__PROBLEM STATEMENT__: Output every record again so that it matches the original word for word.

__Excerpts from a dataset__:
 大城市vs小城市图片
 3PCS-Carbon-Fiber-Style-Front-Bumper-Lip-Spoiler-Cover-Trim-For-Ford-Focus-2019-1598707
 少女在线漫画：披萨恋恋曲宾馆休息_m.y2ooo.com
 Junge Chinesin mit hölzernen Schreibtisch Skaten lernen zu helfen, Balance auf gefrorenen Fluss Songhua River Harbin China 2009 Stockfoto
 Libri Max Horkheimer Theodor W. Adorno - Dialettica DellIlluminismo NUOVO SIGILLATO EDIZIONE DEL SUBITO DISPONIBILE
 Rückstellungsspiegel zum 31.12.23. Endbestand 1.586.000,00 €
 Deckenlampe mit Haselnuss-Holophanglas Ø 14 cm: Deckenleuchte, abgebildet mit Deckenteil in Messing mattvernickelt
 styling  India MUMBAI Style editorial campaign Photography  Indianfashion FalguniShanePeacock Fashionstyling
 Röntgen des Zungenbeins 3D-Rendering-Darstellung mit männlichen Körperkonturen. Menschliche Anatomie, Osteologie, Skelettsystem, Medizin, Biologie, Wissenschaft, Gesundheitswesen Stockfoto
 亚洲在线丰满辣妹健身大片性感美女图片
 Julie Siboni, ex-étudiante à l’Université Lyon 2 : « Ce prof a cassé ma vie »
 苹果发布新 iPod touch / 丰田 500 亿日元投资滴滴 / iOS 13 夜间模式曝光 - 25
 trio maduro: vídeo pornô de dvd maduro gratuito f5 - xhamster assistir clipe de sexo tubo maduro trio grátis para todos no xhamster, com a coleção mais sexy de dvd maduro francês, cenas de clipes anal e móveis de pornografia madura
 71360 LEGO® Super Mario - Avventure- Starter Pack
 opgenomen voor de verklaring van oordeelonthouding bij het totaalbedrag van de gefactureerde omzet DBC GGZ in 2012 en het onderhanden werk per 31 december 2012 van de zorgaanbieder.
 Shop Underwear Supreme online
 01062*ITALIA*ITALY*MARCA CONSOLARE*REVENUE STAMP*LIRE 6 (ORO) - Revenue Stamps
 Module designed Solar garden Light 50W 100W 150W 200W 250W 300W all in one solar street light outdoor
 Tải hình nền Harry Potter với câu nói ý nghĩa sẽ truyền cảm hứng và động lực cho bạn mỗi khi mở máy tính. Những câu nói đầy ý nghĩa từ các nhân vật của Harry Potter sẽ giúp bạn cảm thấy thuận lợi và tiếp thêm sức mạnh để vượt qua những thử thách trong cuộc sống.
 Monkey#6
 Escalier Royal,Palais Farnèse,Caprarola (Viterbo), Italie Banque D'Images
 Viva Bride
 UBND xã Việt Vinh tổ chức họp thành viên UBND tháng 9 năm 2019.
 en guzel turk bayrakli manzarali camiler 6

__WORKED SOLUTION__:
 大城市vs小城市图片
 3PCS-Carbon-Fiber-Style-Front-Bumper-Lip-Spoiler-Cover-Trim-For-Ford-Focus-2019-1598707
 少女在线漫画：披萨恋恋曲宾馆休息_m.y2ooo.com
 Junge Chinesin mit hölzernen Schreibtisch Skaten lernen zu helfen, Balance auf gefrorenen Fluss Songhua River Harbin China 2009 Stockfoto
 Libri Max Horkheimer Theodor W. Adorno - Dialettica DellIlluminismo NUOVO SIGILLATO EDIZIONE DEL SUBITO DISPONIBILE
 Rückstellungsspiegel zum 31.12.23. Endbestand 1.586.000,00 €
 Deckenlampe mit Haselnuss-Holophanglas Ø 14 cm: Deckenleuchte, abgebildet mit Deckenteil in Messing mattvernickelt
 styling  India MUMBAI Style editorial campaign Photography  Indianfashion FalguniShanePeacock Fashionstyling
 Röntgen des Zungenbeins 3D-Rendering-Darstellung mit männlichen Körperkonturen. Menschliche Anatomie, Osteologie, Skelettsystem, Medizin, Biologie, Wissenschaft, Gesundheitswesen Stockfoto
 亚洲在线丰满辣妹健身大片性感美女图片
 Julie Siboni, ex-étudiante à l’Université Lyon 2 : « Ce prof a cassé ma vie »
 苹果发布新 iPod touch / 丰田 500 亿日元投资滴滴 / iOS 13 夜间模式曝光 - 25
 trio maduro: vídeo pornô de dvd maduro gratuito f5 - xhamster assistir clipe de sexo tubo maduro trio grátis para todos no xhamster, com a coleção mais sexy de dvd maduro francês, cenas de clipes anal e móveis de pornografia madura
 71360 LEGO® Super Mario - Avventure- Starter Pack
 opgenomen voor de verklaring van oordeelonthouding bij het totaalbedrag van de gefactureerde omzet DBC GGZ in 2012 en het onderhanden werk per 31 december 2012 van de zorgaanbieder.
 Shop Underwear Supreme online
 01062*ITALIA*ITALY*MARCA CONSOLARE*REVENUE STAMP*LIRE 6 (ORO) - Revenue Stamps
 Module designed Solar garden Light 50W 100W 150W 200W 250W 300W all in one solar street light outdoor
 Tải hình nền Harry Potter với câu nói ý nghĩa sẽ truyền cảm hứng và động lực cho bạn mỗi khi mở máy tính. Những câu nói đầy ý nghĩa từ các nhân vật của Harry Potter sẽ giúp bạn cảm thấy thuận lợi và tiếp thêm sức mạnh để vượt qua những thử thách trong cuộc sống.
 Monkey#6
 Escalier Royal,Palais Farnèse,Caprarola (Viterbo), Italie Banque D'Images
 Viva Bride
 UBND xã Việt Vinh tổ chức họp thành viên UBND tháng 9 năm 2019.
 en guzel turk bayrakli manzarali camiler 6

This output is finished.